On Fri, Apr 10, 2015 at 07:41:52PM +0530, Preeti U Murthy wrote:
> The cpus_allowed and mems_allowed masks of a cpuset get overwritten
> after each hotplug operation on the legacy hierarchy of cgroups so as to
> remain in sync with the online mask. But there are use cases which
> expect user configured masks to remain unchanged.
>
> For instance, when hotplugged out CPUs are brought back online, they
> remain idle with none of the existing tasks allowed to run on them since
> the cpus_allowed mask was overwritten to not include them when they were
> offlined.
>
> We cannot change the legacy hierarchy design now to keep the allowed
> masks hotplug invariant since it is a user visible change. It was
> suggested instead to add a knob in the root cpuset directory which
> allows the user to specify if he wants the user configured masks to be
> hotplug invariant [1]. This knob will enforce the choice throughout the
> hierarchy. If the knob is set, the allowed maks will not be varied on
> hotplug. It is also to to be noted that this knob will appear in the
> root cgroup mounted on the legacy hierarchy alone since the default
> hierarchy does not overwrite the allowed masks anyway.
>
> Having said this, there are fair reasons to argue that the kernel is not
> responsible for taking care of user configurations in the face of
> hotplug. But one of the consequences of the current legacy hierarchy
> design, is that CPUs are left out from being used at all on online
> operations. The reason for this is not very obvious at first and several
> users have raised the issue as a bug. Hence the patch was strongly
> called for.
>
> Moreover the default hierarchy keeps the allowed masks hotplug invariant
> too. So the patch is not bringing about a fundamental change in the
> design of cgroups.

What you've not explained is why you can use this knob but not use the
other new mode?

2015-04-11 11:21:47

by Preeti U Murthy

[permalink] [raw]
Subject: Re: [PATCH V2] cpuset: Add knob to make allowed masks hotplug invariant on legacy hierarchy

On 04/11/2015 02:05 PM, Peter Zijlstra wrote:
> On Fri, Apr 10, 2015 at 07:41:52PM +0530, Preeti U Murthy wrote:
>> The cpus_allowed and mems_allowed masks of a cpuset get overwritten
>> after each hotplug operation on the legacy hierarchy of cgroups so as to
>> remain in sync with the online mask. But there are use cases which
>> expect user configured masks to remain unchanged.
>>
>> For instance, when hotplugged out CPUs are brought back online, they
>> remain idle with none of the existing tasks allowed to run on them since
>> the cpus_allowed mask was overwritten to not include them when they were
>> offlined.
>>
>> We cannot change the legacy hierarchy design now to keep the allowed
>> masks hotplug invariant since it is a user visible change.
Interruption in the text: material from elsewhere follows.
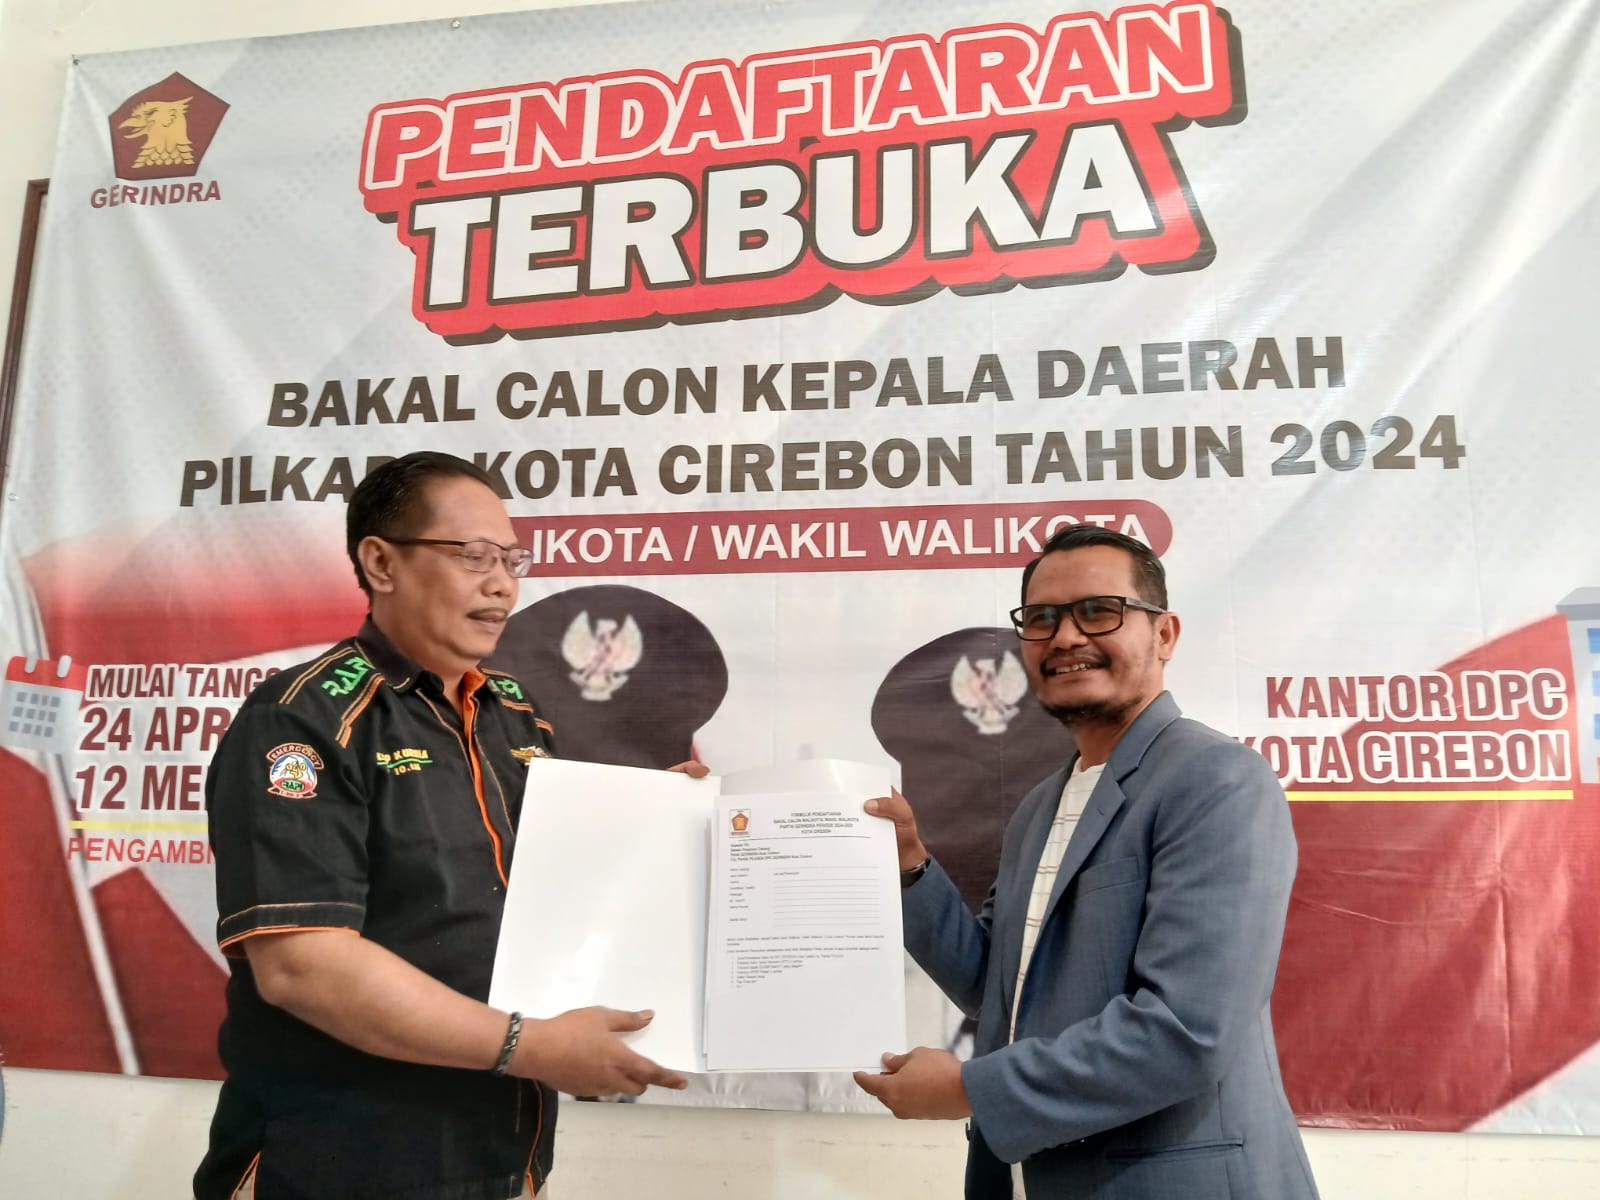 Bawa Visi Nasional ke Kota Cirebon, Furqon Nurzaman Mendaftar ke Gerindra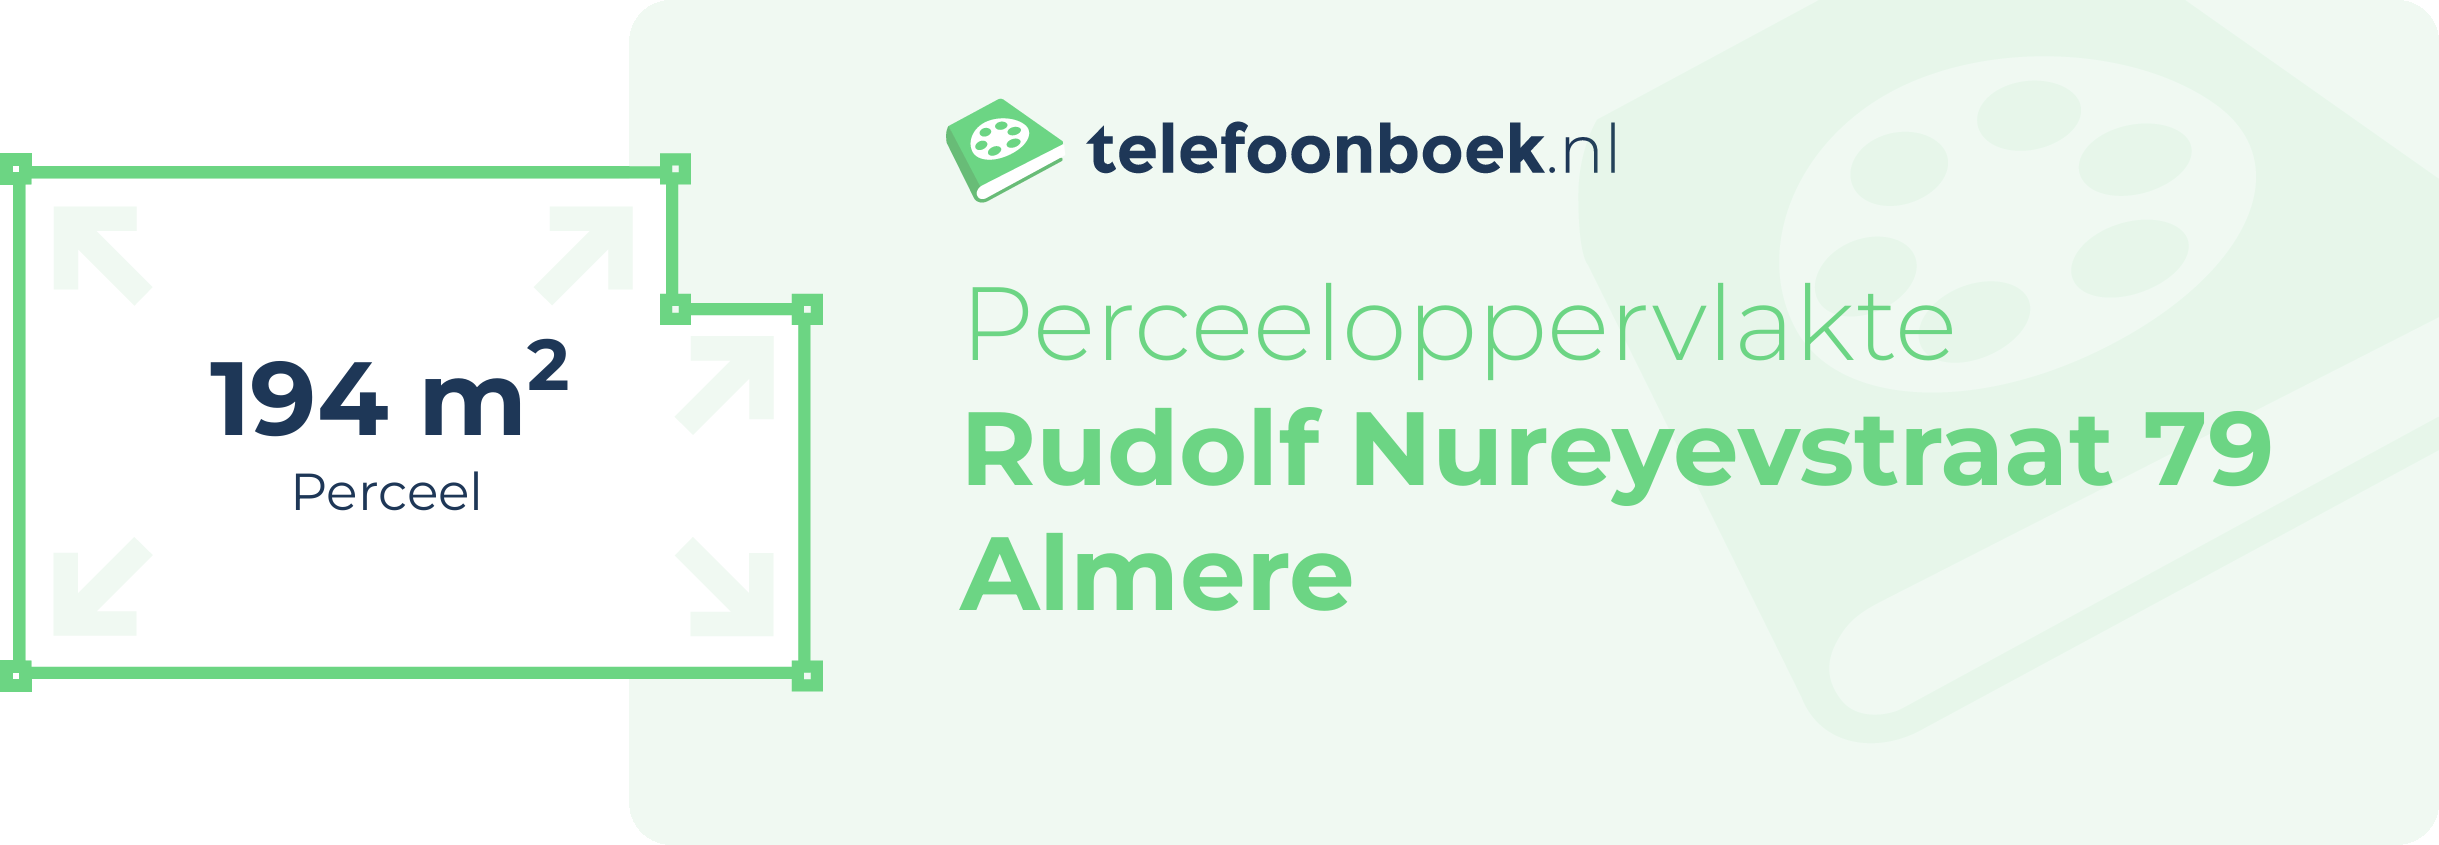 Perceeloppervlakte Rudolf Nureyevstraat 79 Almere

It was
>> suggested instead to add a knob in the root cpuset directory which
>> allows the user to specify if he wants the user configured masks to be
>> hotplug invariant [1]. This knob will enforce the choice throughout the
>> hierarchy. If the knob is set, the allowed maks will not be varied on
>> hotplug. It is also to to be noted that this knob will appear in the
>> root cgroup mounted on the legacy hierarchy alone since the default
>> hierarchy does not overwrite the allowed masks anyway.
>>
>> Having said this, there are fair reasons to argue that the kernel is not
>> responsible for taking care of user configurations in the face of
>> hotplug. But one of the consequences of the current legacy hierarchy
>> design, is that CPUs are left out from being used at all on online
>> operations. The reason for this is not very obvious at first and several
>> users have raised the issue as a bug. Hence the patch was strongly
>> called for.
>>
>> Moreover the default hierarchy keeps the allowed masks hotplug invariant
>> too. So the patch is not bringing about a fundamental change in the
>> design of cgroups.
>
> What you've not explained is why you can use this knob but not use the
> other new mode?

It is claimed that the existing software which work with the legacy
hierarchy break when cgroups are mounted on the default hierarchy due to
poor backward compatibility. I will include this point in the changelog.

Thanks

Regards
Preeti U Murthy

>

2015-04-11 13:42:11

by Peter Zijlstra

[permalink] [raw]
Subject: Re: [PATCH V2] cpuset: Add knob to make allowed masks hotplug invariant on legacy hierarchy

On Sat, Apr 11, 2015 at 04:51:32PM +0530, Preeti U Murthy wrote:
> On 04/11/2015 02:05 PM, Peter Zijlstra wrote:
> > On Fri, Apr 10, 2015 at 07:41:52PM +0530, Preeti U Murthy wrote:
> > What you've not explained is why you can use this knob but not use the
> > other new mode?
>
> It is claimed that the existing software which work with the legacy
> hierarchy break when cgroups are mounted on the default hierarchy due to
> poor backward compatibility. I will include this point in the changelog.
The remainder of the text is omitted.